Figure 5. Changes in the triceps surae complex architecture.

Figure 5

A, changes at rest as a function of ankle angle; B, changes during MVC as a function of ankle angle; C, changes during graded isometric plantarflexion at the neutral ankle position in GM, GL and SOL. Notice the increase in GL and SOL thickness as a function of plantarflexion moment. Values were derived from sonographs at the central region over the mid-sagittal axis of each muscle. Values are means ± S.D. (n = 6).

Architectural characteristics during MVC

Thicknesses of GM, GL and SOL during MVC (∼17, 22 and 21 mm, respectively) did not change significantly in response to changes in muscle length (P < 0.05 only in combinations of an ankle angle of +30 deg in GL) (Fig. 5B). In all three muscles during MVC, pennation angle and fibre length were ankle angle dependent. In all three muscles, as ankle angle increased from −15 to +30 deg, the pennation angle increased: in GM from 37 ± 2.3 to 52.9 ± 2.6 deg (43%, P < 0.01), in GL from 32 ± 2.9 to 41.3 ± 2.7 deg (29%, P < 0.01) and in SOL from 35 ± 2.6 to 50 ± 2.6 deg (43%, P < 0.01). In all three muscles, as ankle angle increased from −15 to +30 deg, fibre length decreased: in GM from 27.2 ± 2.3 to 19 ± 1.8 mm (30%, P < 0.01), in GL from 38.2 ± 3.3 to 28 ± 3.1 mm (27%, P < 0.01) and in SOL from 35.4 ± 2.1 to 25.6 ± 2.1 mm (28%, P < 0.01). Comparing MVC with rest at any given ankle angle, pennation angle was larger and fibre length smaller in all three muscles. In GM, GL and SOL, the pennation angle during MVC was increased by 19–28 deg (90–110%, P < 0.01), 23–26 deg (175–256%, P < 0.01) and 14–17 deg (50–64%, P < 0.01), respectively, and fibre length was reduced by 17–26 mm (47–49%, P < 0.01), 27–45 mm (49–54%, P < 0.01) and 2–7 mm (7–16%, P < 0.01 at −15 deg, P < 0.05 at 0 and +15 deg but no significant difference at +30 deg), respectively, compared with rest at any given ankle angle. Thickness of GM at any given ankle angle was not significantly different between rest and MVC. In contrast, thickness of GL and SOL at any given ankle angle increased from rest to MVC by 5–7 mm (36–47%, P < 0.01) and 6–7 mm (38–47%, P < 0.01), respectively. In GL and SOL the increment was not significantly different either between different imaged sites (regions P, C and D and sections L, MS and m in Fig. 3) at the neutral ankle position or between different ankle positions at a given state of contraction (rest or MVC).
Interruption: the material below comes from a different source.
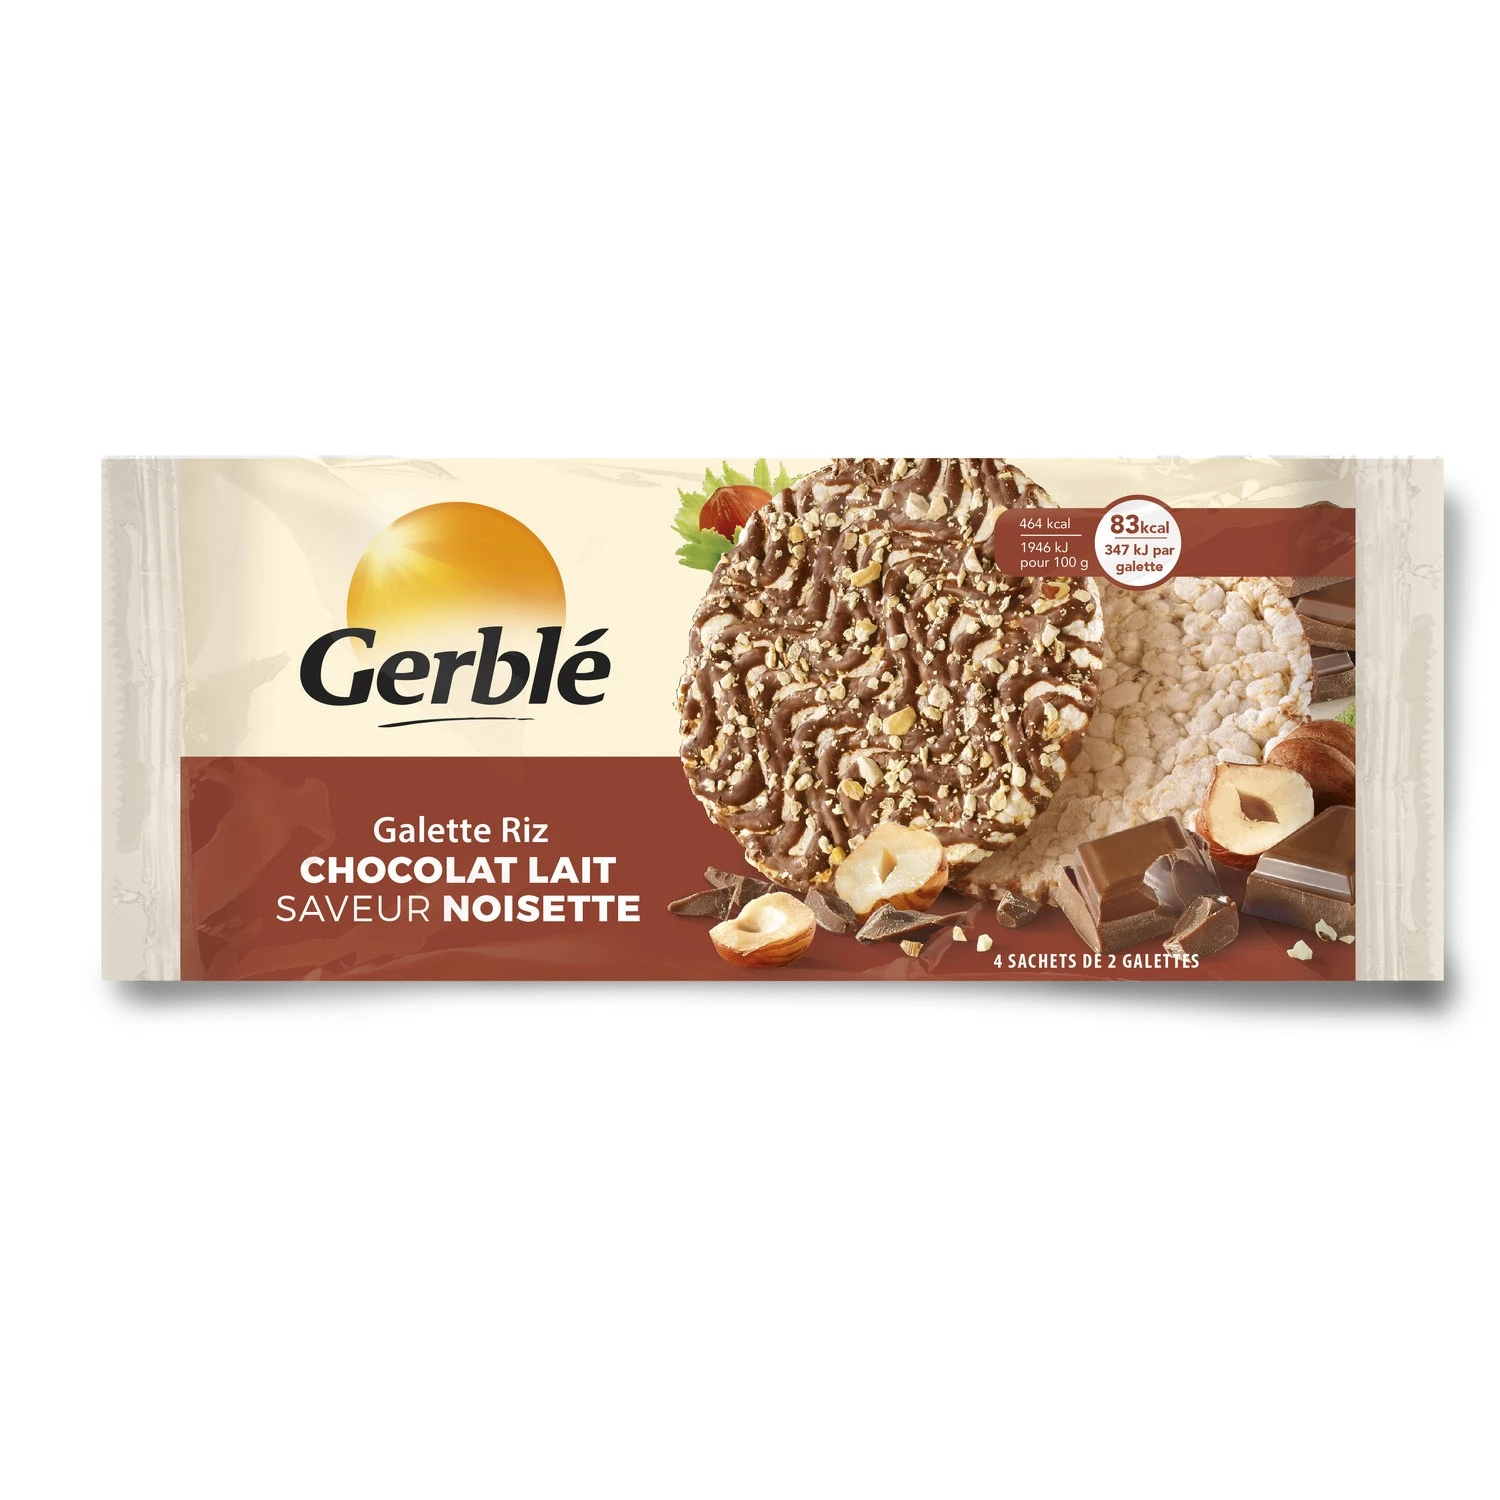 Rijstwafel van melkchocolade met hazelnootsmaak - GERBLÉ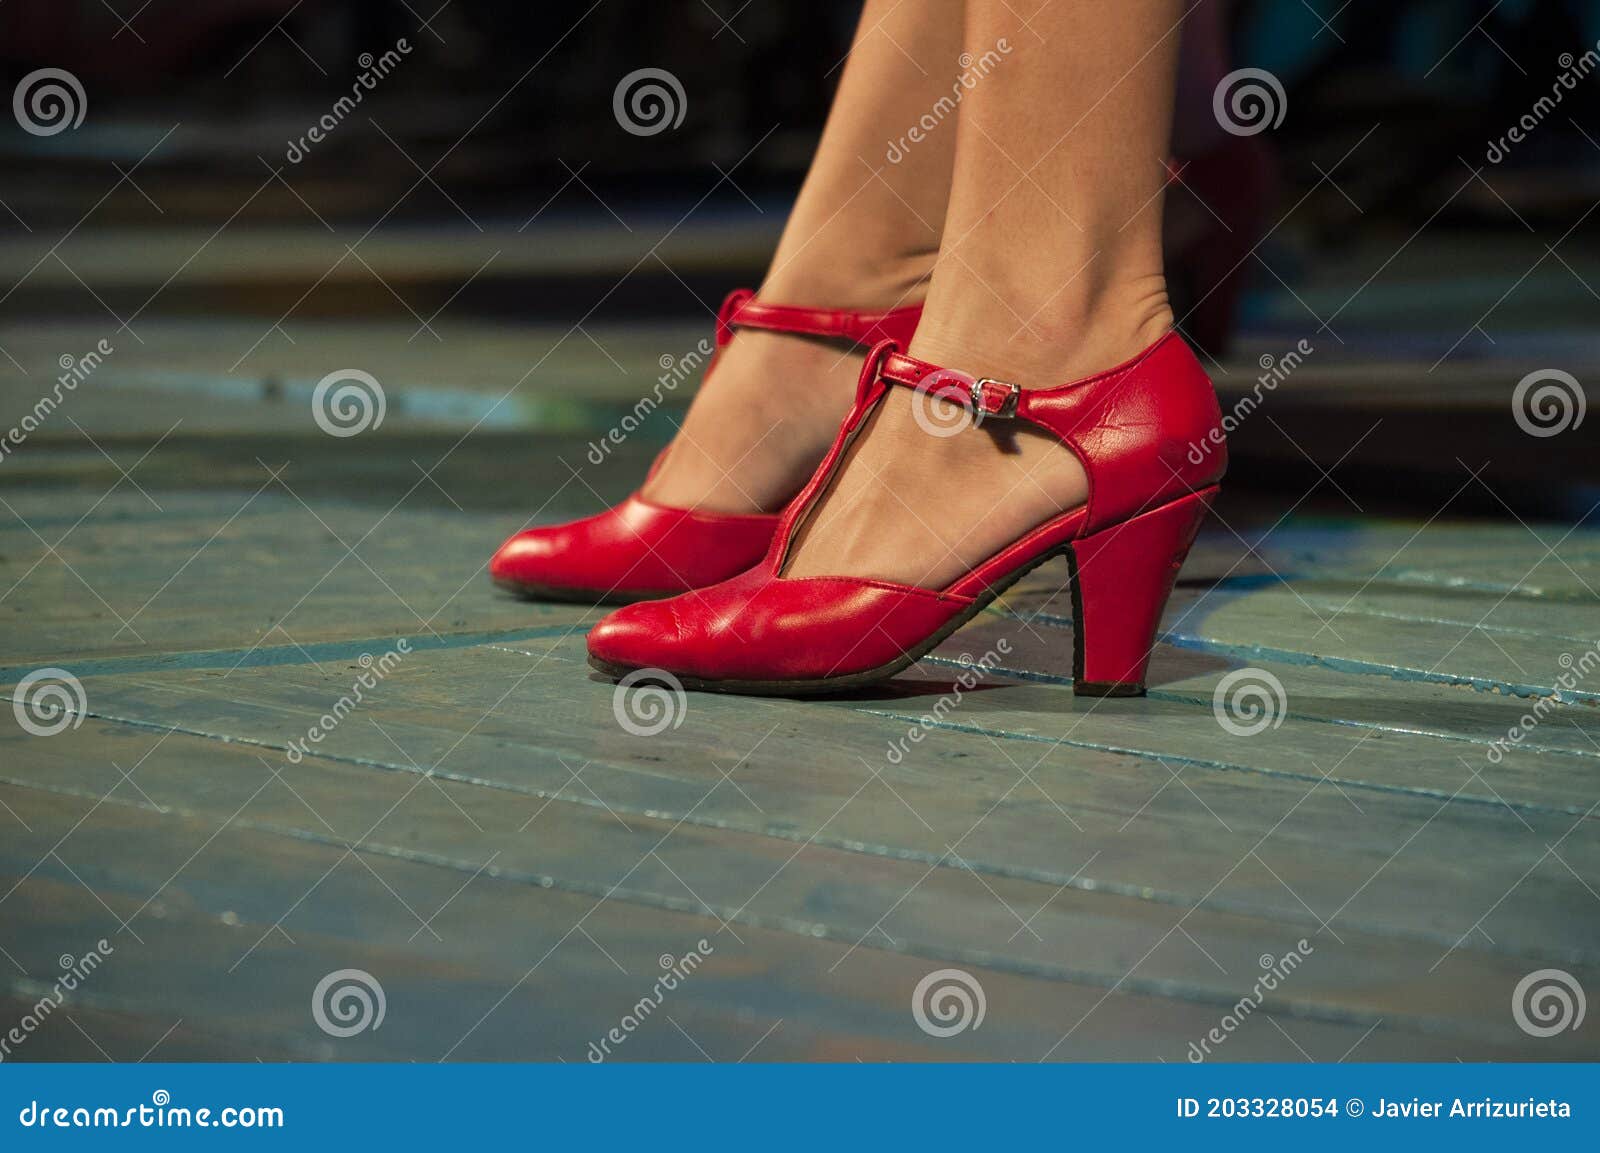 https://thumbs.dreamstime.com/z/acercamiento-de-unas-zapatillas-baile-flamenco-rojo-en-las-piernas-una-mujer-un-escenario-madera-sobre-bailar%C3%ADn-203328054.jpg

Architectural characteristics during graded isometric force

During graded isometric force up to 100% of MVC at the neutral ankle position, the thickness of GM remained constant (no significant difference) at about 17 mm but the thicknesses of GL and SOL increased gradually from 15 to 22 mm (45%, P < 0.01) and from 15 to 21 mm (40%, P < 0.01), respectively (Fig. 5C). Pennation angle increased and fibre length decreased as a function of contraction intensity in all three muscles. Pennation angle in GM, GL and SOL gradually increased from 22.3 ± 2.0 to 42.5 ± 2.2 deg (95%, P < 0.01), from 11.3 ± 1.2 to 38 ± 2.4 deg (245%, P < 0.01) and from 25 ± 2.6 to 40 ± 3.3 deg (60%, P < 0.01), respectively. Fibre length in GM, GL and SOL decreased gradually from 45 ± 2.3 to 23.4 ± 1.9 mm (49%, P < 0.01), from 74 ± 3.4 to 35 ± 3 mm (53%, P < 0.01) and from 35.4 ± 3.5 to 30.2 ± 1.9 mm (15%, P < 0.01), respectively. Changes in pennation angle as a function of contraction intensity (%MVC) in each muscle were best fitted with a second order polynomial. Regression models are presented in the Appendix.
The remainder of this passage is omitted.